Dans leur note publique, les membres de sa famille invitent à respecter l’un de ses souhaits les plus chers : « jwe mizik lan » — continuer à jouer cette musique qui l’a animé et qu’il a contribué à élever à un niveau d’excellence rare.
Dadou Pasquet laisse dans le deuil son épouse, ses enfants, ses frères — dont Tico, partenaire musical indéfectible — ainsi qu’une communauté artistique orpheline, mais consolée par l’immensité d’un patrimoine discographique qui traversera les générations.
Avec la disparition de Dadou Pasquet, ce n’est pas seulement un guitariste qui s’éteint, mais une manière singulière d’envisager le konpa dirèk : exigeante, inventive, enracinée et résolument ouverte sur le monde.
Des premiers riffs avec Tabou Combo aux arrangements sophistiqués de Magnum Band, des tournées internationales aux Jeux Olympiques d’Atlanta, des collaborations littéraires à ses derniers concerts, son œuvre raconte une certitude : Haïti continue de parler au monde par sa musique.
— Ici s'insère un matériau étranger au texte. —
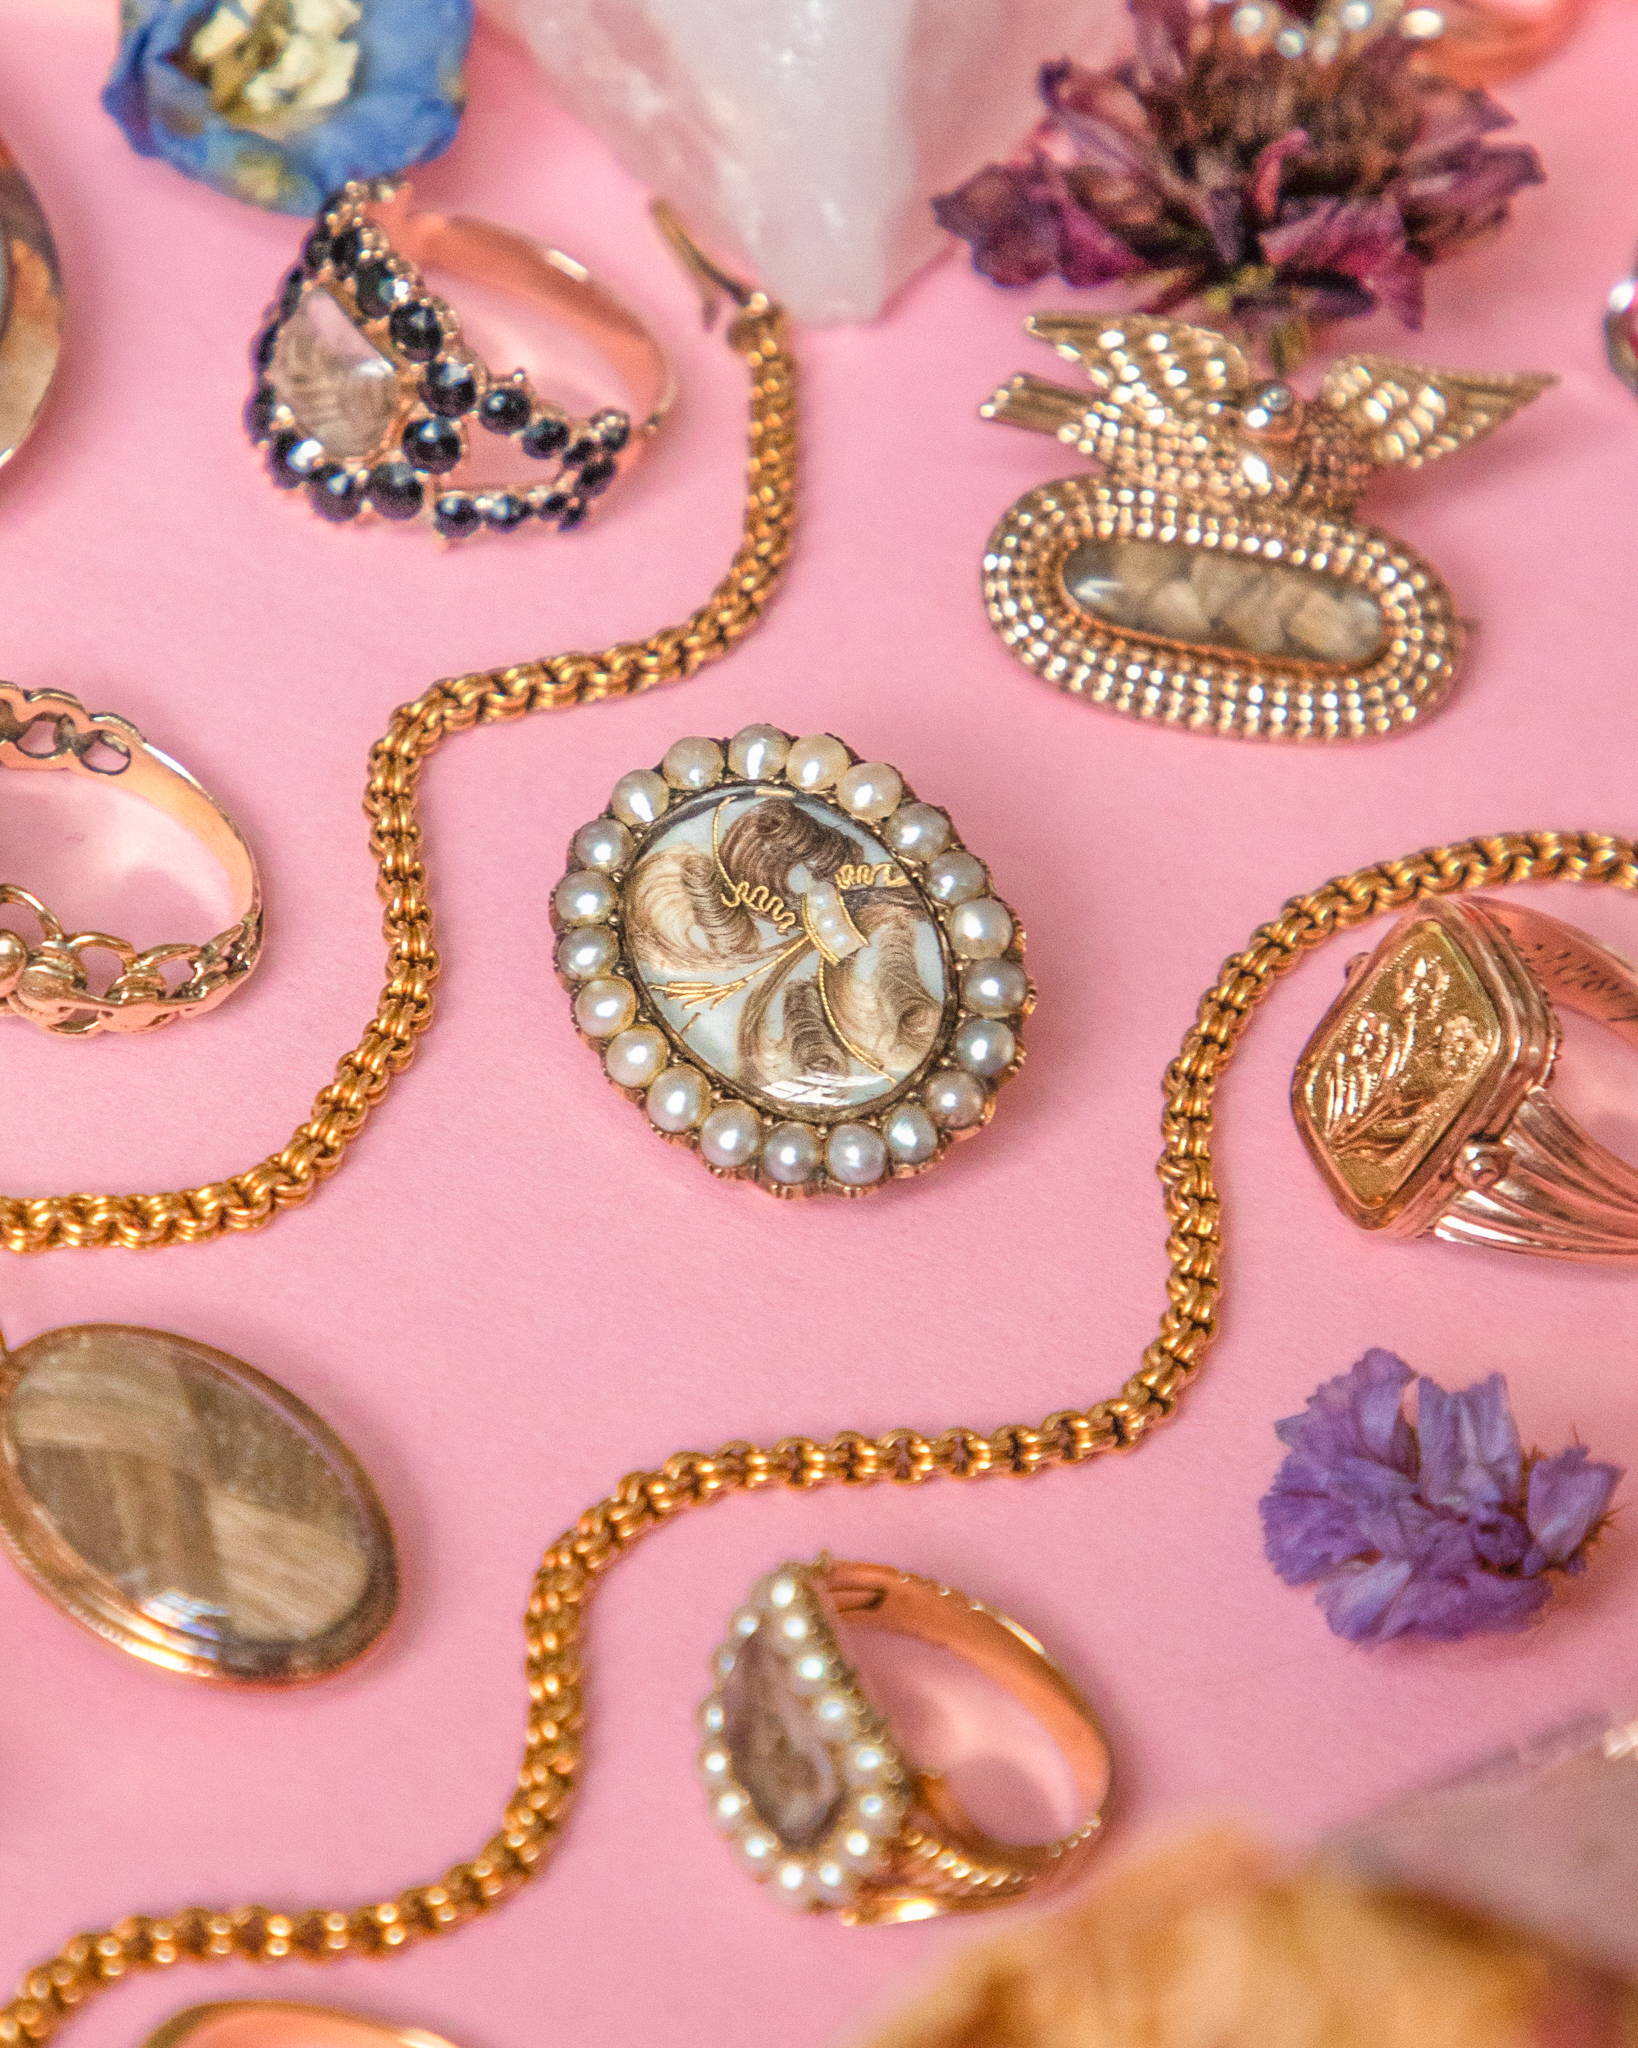 History Of Regency Jewelry Popular Jewels During The Regency Era ...

Ses chansons, elles, ne sont pas en deuil. Elles continueront de retentir dans les bals, sur les ondes, dans les rues et dans les cœurs, rappelant que Dadou Pasquet demeure présent dans chaque accord de guitare compas qui fait vibrer Haïti.
Les funérailles de André “Dadou” Pasquet ont eu lieu le samedi 30 novembre 2025 à St. Andrew’s Episcopal Church à Miami. Parents, amis proches et de nombreux membres de la communauté musicale se sont rassemblés pour rendre un dernier hommage au maître, saluer son immense contribution au compas haïtien, et partager leur émotion devant la perte d’un géant de la musique.
Note de condoléances – Le Floridien
La rédaction et l’ensemble du personnel du journal Le Floridien présentent leurs plus sincères condoléances à la famille Pasquet, aux proches, aux membres du Magnum Band et à toute la communauté musicale haïtienne. Nous saluons la mémoire d’un artiste d’exception dont l’œuvre, immense et lumineuse, continuera d’inspirer les générations futures. Que son âme repose en paix.